Well, congratulations, Trump-haters, that damage was done, and not surprisingly, the next President is feeling the effects.
This weekend, President Biden had a bad day, speech-wise. At the Commissioning Commemoration Ceremony of the USS Delaware, he recalled the days when Michelle Obama was Vice President. Biden said of wife Dr. Jill: “And I’m deeply proud of the work she’s doing as First Lady with [the] Joining Forces initiative she started with Michelle Obama when she was vice president, and now carries on.” Conservative pundits, as they say, “pounced.” Wrote Robert Spencer,
His misstatement here is not just some innocuous slip of the tongue to be matter-of-factly corrected as if it were an insignificant typographical error; it is just the latest in a long string of weird statements that should arouse genuine concern about the mental state of the president of the United States, if such concern weren’t immediately dismissed as tendentious partisan mudslinging. The Joe Biden who recalled when his wife served as the vice president asked on March 4: “How did we get to the place where, you know, Putin just decides he’s gonna invade Russia? Something like this hasn’t happened since World War II.” Biden declared in his State of the Union address that “Putin may encircle Kyiv with tanks, but he’ll never gain the hearts and souls of the Iranian people.” On Equal Pay Day (March 15), Biden called his ambassador to the United Nations, Linda Thomas-Greenfield, “Linda Thomas Greenhouse.”

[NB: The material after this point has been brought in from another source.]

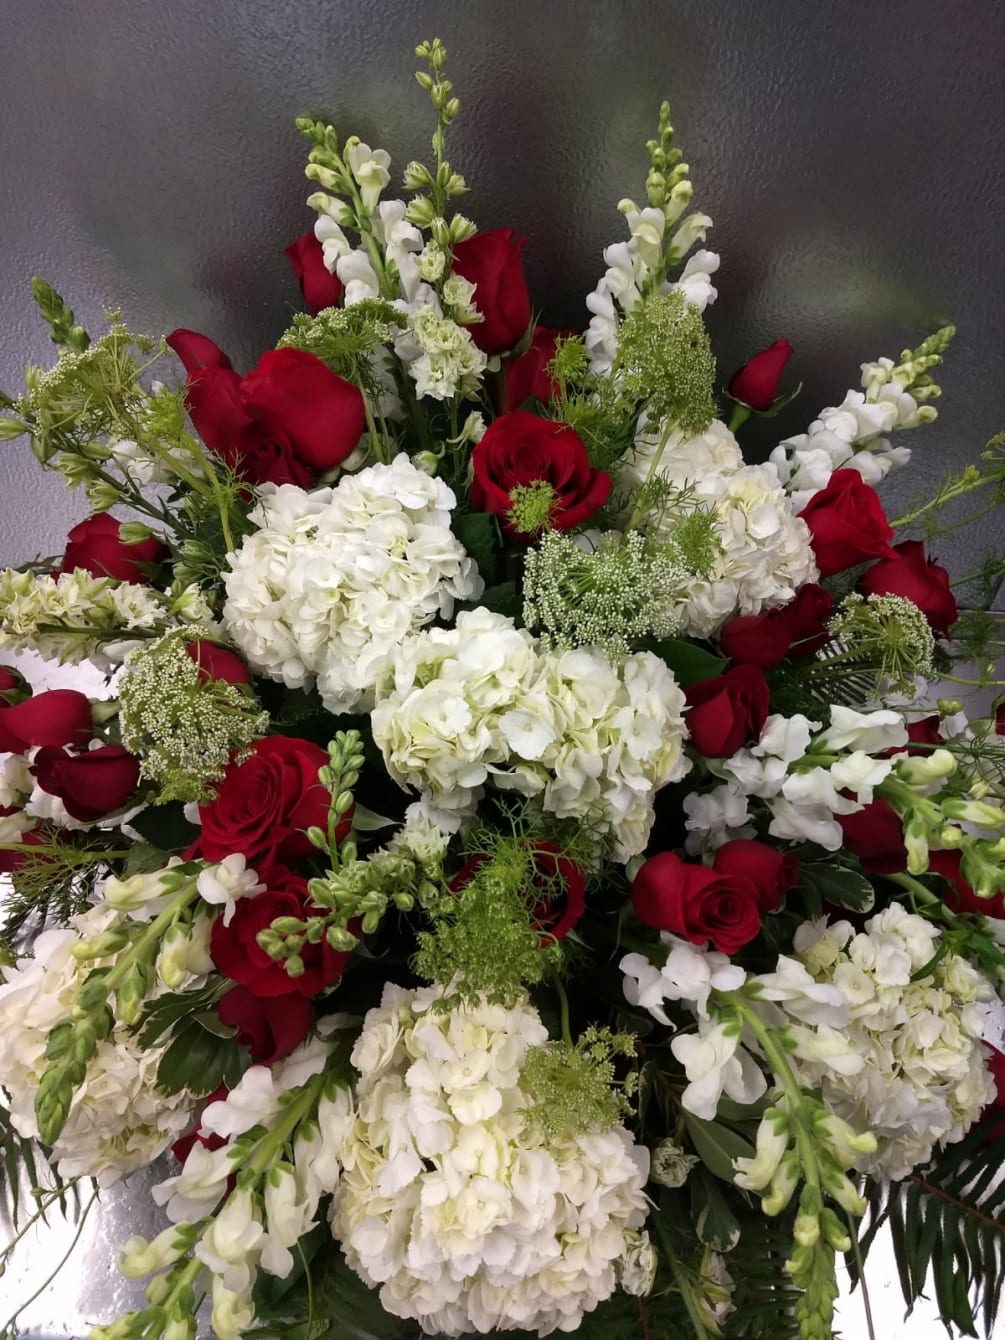 Sincerity Casket Spray is a wondrous presentation of fresh color and beauty.

Biden has never been very bright, and is less so than ever; he’s always been less than articulate, and a jerk as well. Now he’s over his head in a job he’s unfit to handle, and he feels the walls closing in, because they are.

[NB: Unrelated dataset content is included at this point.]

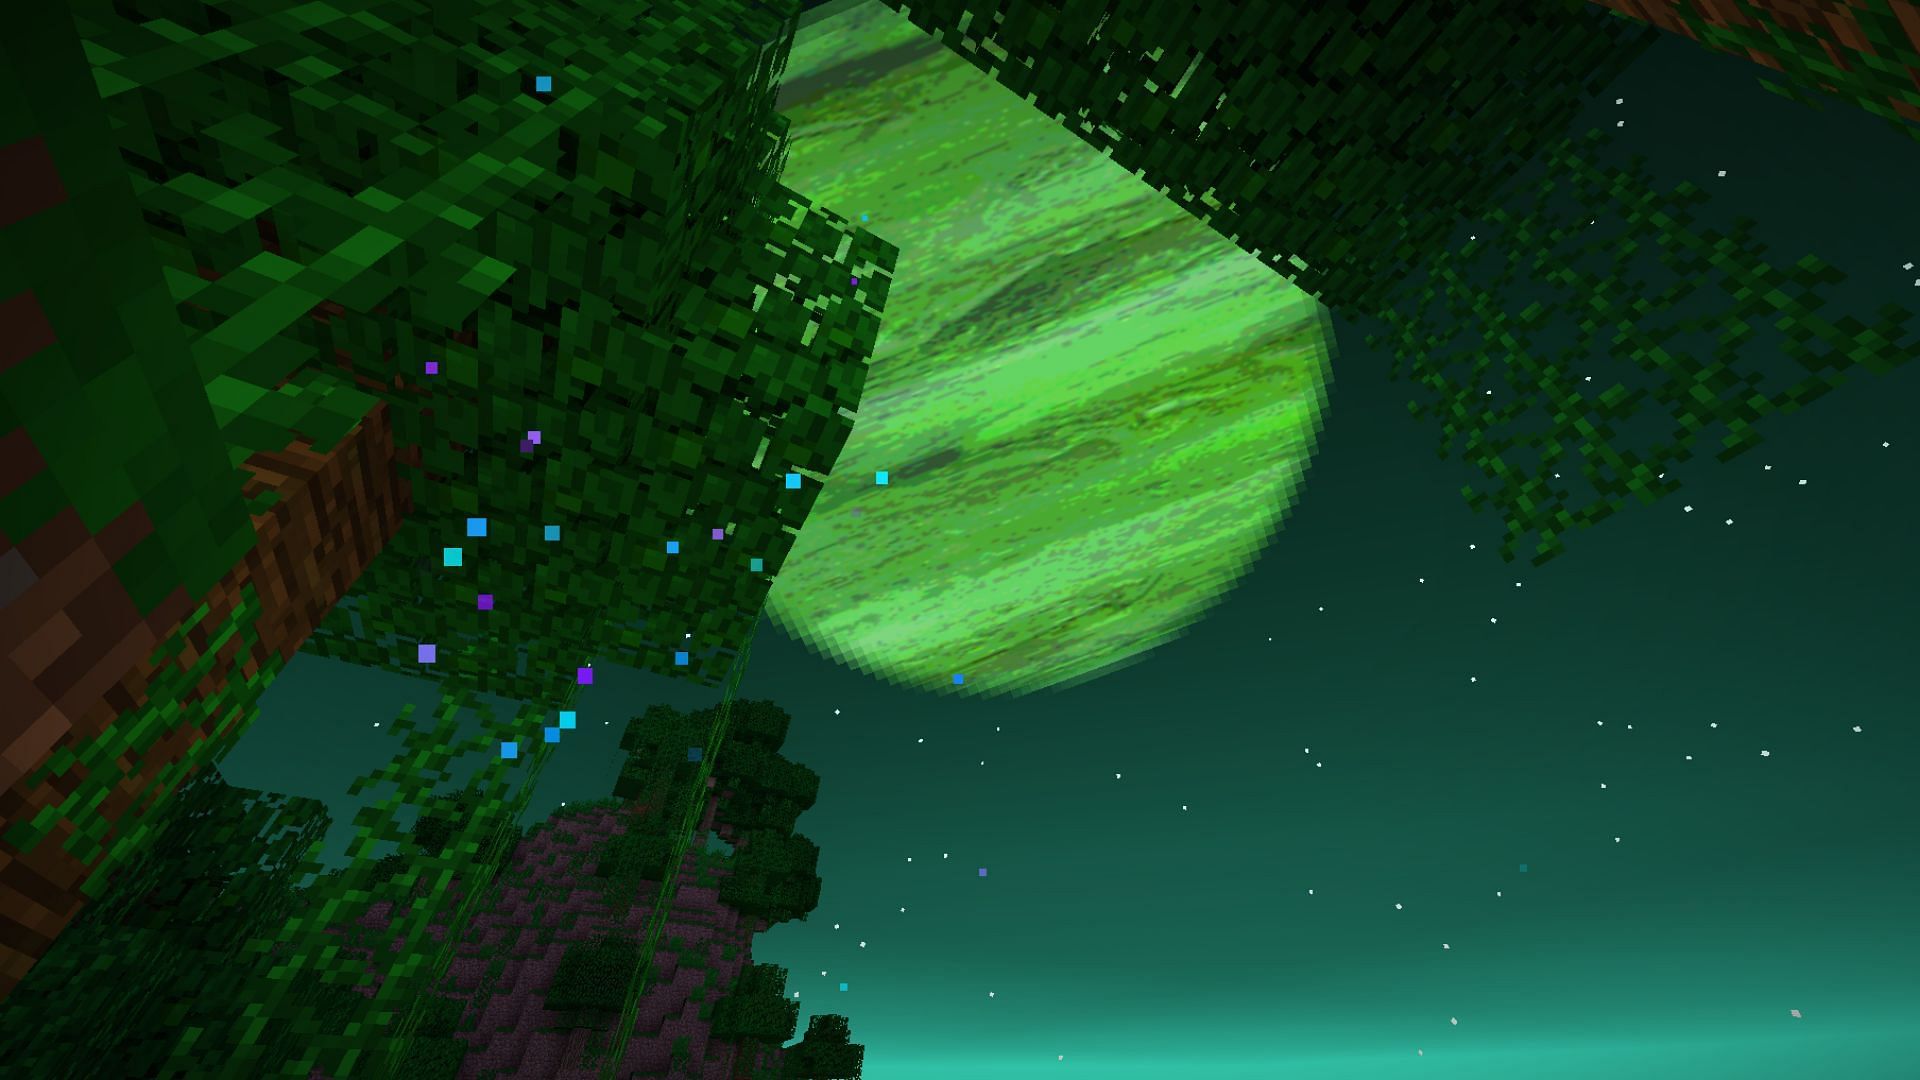 Futurepack mod adds brand new kinds of fictional planets and biomes in Minecraft (Image via CurseForge)

Obviously, that paragraph still applies, but I’m feeling more sympathetic today. Harping on Biden’s verbal gaffes is not helpful or constructive. He’s old, and old people whose minds still function well in other ways often begin having trouble sorting through names and words. I’m a lot younger than Joe, but a few years ago at a D.C. Bar ethics presentation, while discussing an ethics issue illustrated in a “Perry Mason” episode, I called actor Raymond Burr “Aaron Burr,” and didn’t even realize it. More to the point, after President Eisenhower has his stroke, he often grappled for words while speaking and answering questions. (In one book, Richard Nixon revealed that sometimes Ike faked aphasia to duck questions he didn’t want to answer.) But even Democrats muted criticism of this, because they knew the old General was trusted and respected.
And just maybe they had seen “The Caine Mutiny” recently (it was released in 1954in Ike’s first term) and they got the message: You don’t work with the President because of how well he talks…”you work with him because he’s got the job, or you’re no good.”